В голове у миссис Терпин прояснилось, и она почувствовала, что снова может двигаться. Наклонившись вперед, она заглянула прямо в яркие, бешеные глаза. Теперь она была твердо уверена, что девушка знает ее, знает тайным, беспощадным знанием, над которым не властны ни время, ни пространство, ни случай.

— Что вы хотите сказать мне? — хрипло спросила она и замерла, точно ждала откровения.

Девушка приподняла голову. Глаза ее были прикованы к глазам миссис Терпин.

— Старая рогатая свинья, исчадье ада, убирайся откуда пришла, — прошептала она тихо, но очень отчетливо. Глаза ее на мгновенье вспыхнули, будто она обрадовалась, что удар попал в цель.

Миссис Терпин привалилась к спинке стула.

Глаза девушки закрылись, голова бессильно упала.

Доктор встал и отдал сестре пустой шприц. Потом нагнулся к дрожащей, как в ознобе, матери и положил руки ей на плечи. Она сидела на полу, губы ее были плотно сжаты, руки держали лежащую у нее на коленях руку Мэри Грейс, а та, как ребенок, уцепилась за ее большой палец.

— Поезжайте в больницу, — сказал доктор. — Я позвоню и договорюсь. А теперь посмотрим вашу шею, — бодро обратился он к миссис Терпин и начал ощупывать ей шею.

Под подбородком у нее алели две полосы, изогнутые в виде полумесяца, над левым глазом вспухала зловещая красная шишка. Пальцы доктора прошлись и по ней.

— Не надо, — сказала она, отталкивая его руку. Ей было трудно говорить. — Посмотрите лучше Клода. Она ударила его ногой.

— Сейчас я займусь им, — сказал доктор и стал считать ее пульс. Был он тощий, седой и, видать, не без юмора. — Возвращайтесь домой и забудьте на сегодня обо всех своих делах, — сказал он и похлопал ее по плечу.

«Нечего тебе меня хлопать», — мысленно огрызнулась миссис Терпин.

— И приложите ко лбу лед, — сказал доктор. Подошел к Клоду, опустился на колени и стал смотреть его ногу. Потом помог Клоду подняться, и тот, хромая, пошел за ним в кабинет.

Никто в приемной не проронил ни звука, только слышались жалобные стоны матери, которая так и осталась сидеть на полу. Неряха не отрывала глаз от девушки. Миссис Терпин глядела в одну точку остановившимся взглядом. Наконец подъехала «скорая помощь» — длинная темная тень на занавеске. Вошли санитары, опустили носилки возле девушки, ловко уложили ее и унесли. Сестра помогла матери собрать вещи.

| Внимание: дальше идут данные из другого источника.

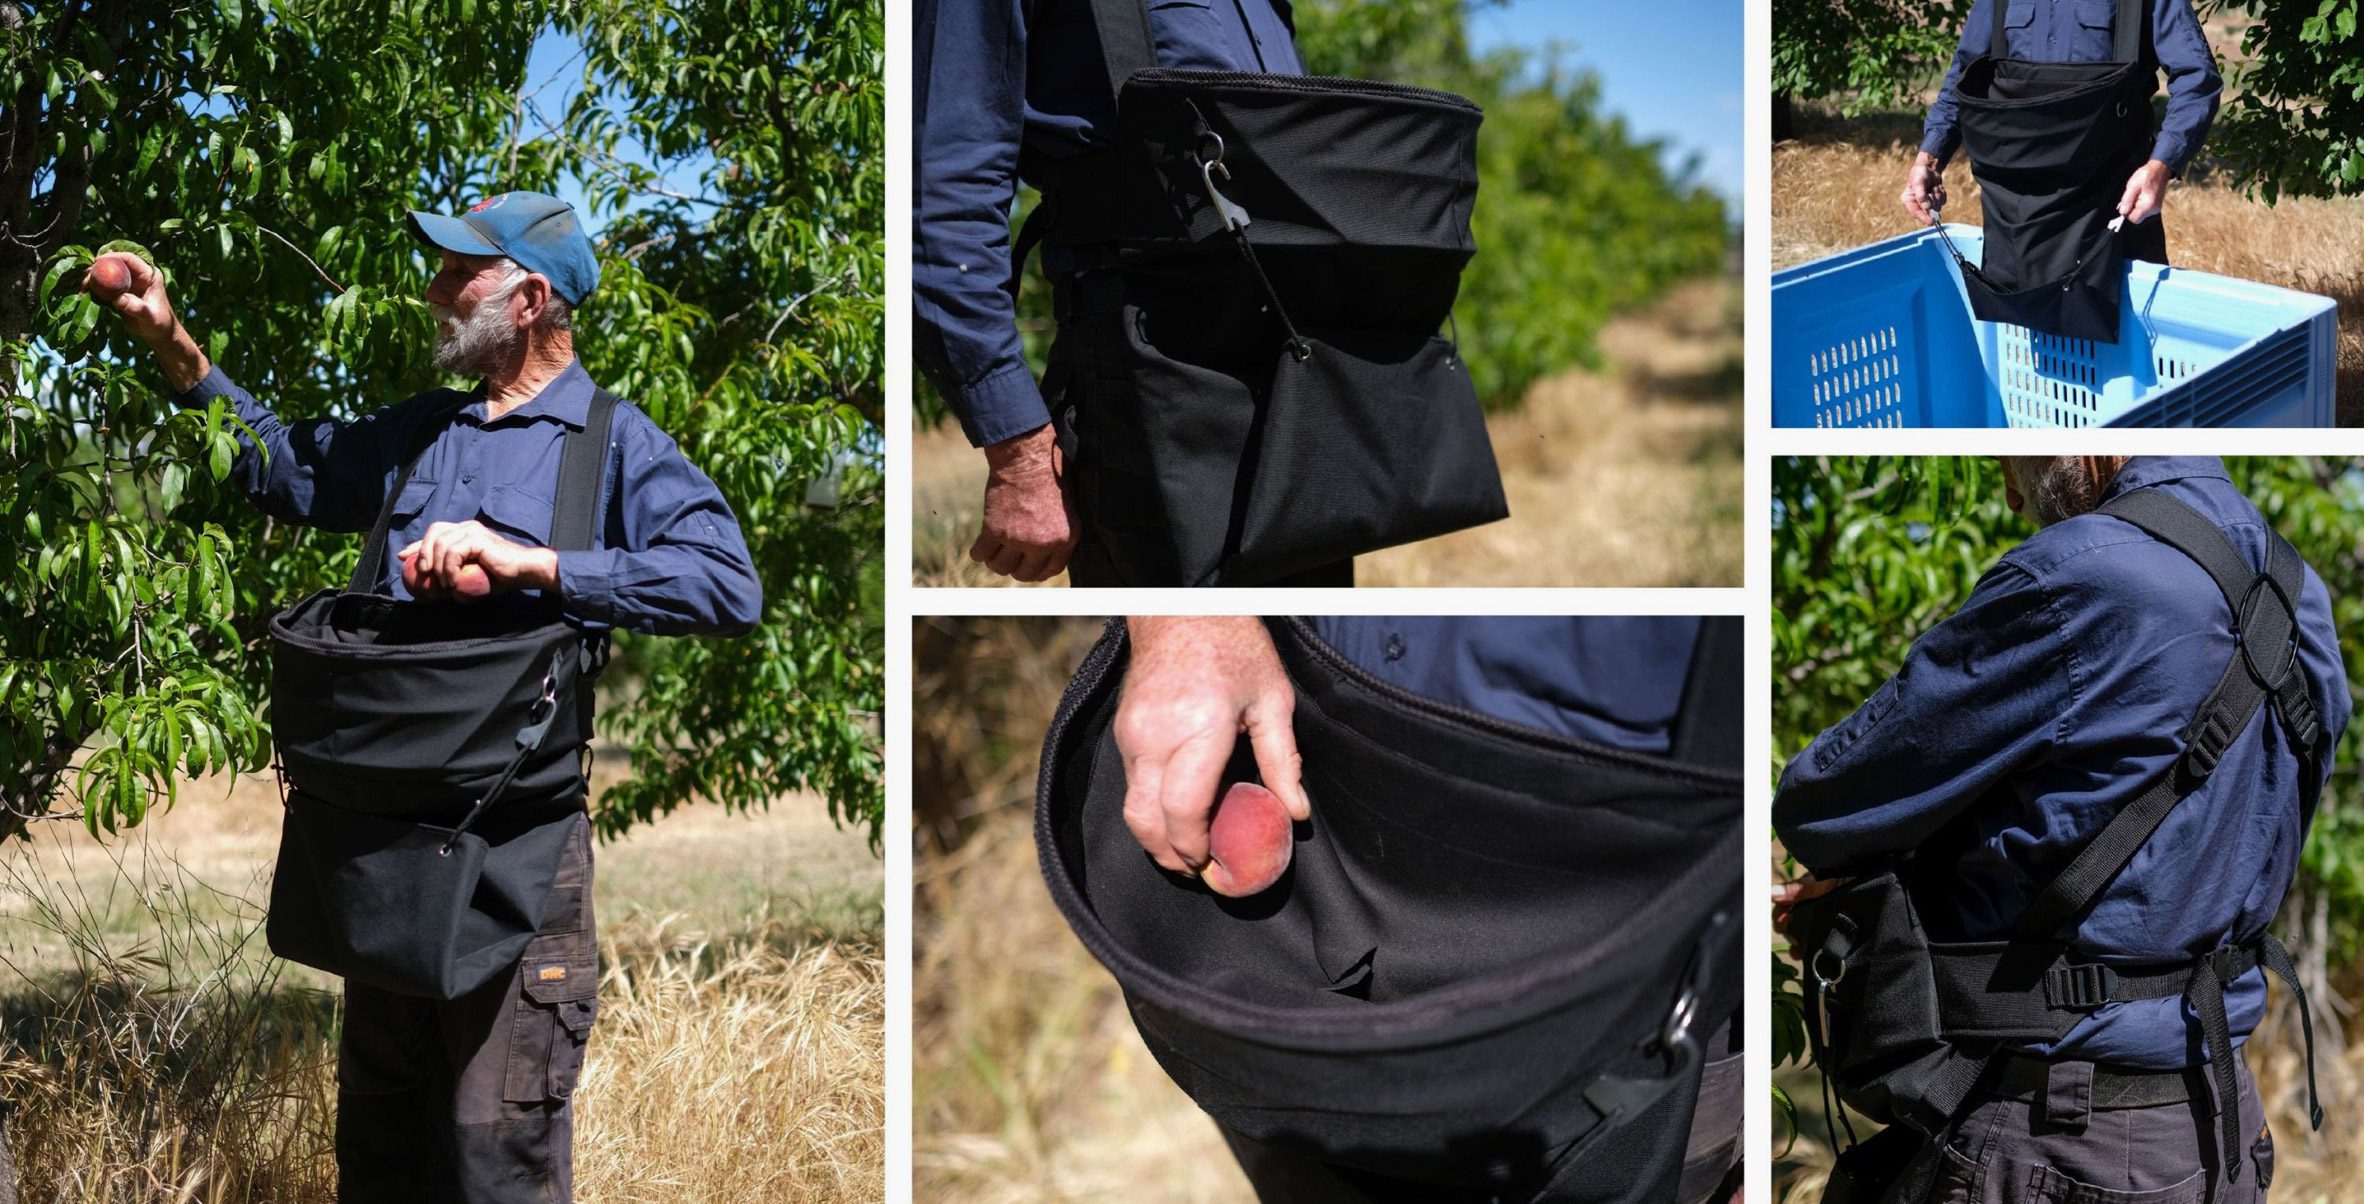 Collage of images showing someone picking fruit while wearing a large black bag

Тень «скорой помощи» бесшумно отъехала, и сестра вернулась в комнату за перегородкой.

— Эта девушка что, сумасшедшая? — крикнула неряха сестре, но та не подошла к окошку и ничего не ответила.

— Конечно, сумасшедшая, — сказала неряха, обращаясь к сидящим в приемной.

— Бедненькая, — прошептала старуха. Мальчик по-прежнему лежал у нее на коленях и вяло глядел перед собой. Он даже не поднял головы, когда началась суматоха, только подтянул под себя ногу.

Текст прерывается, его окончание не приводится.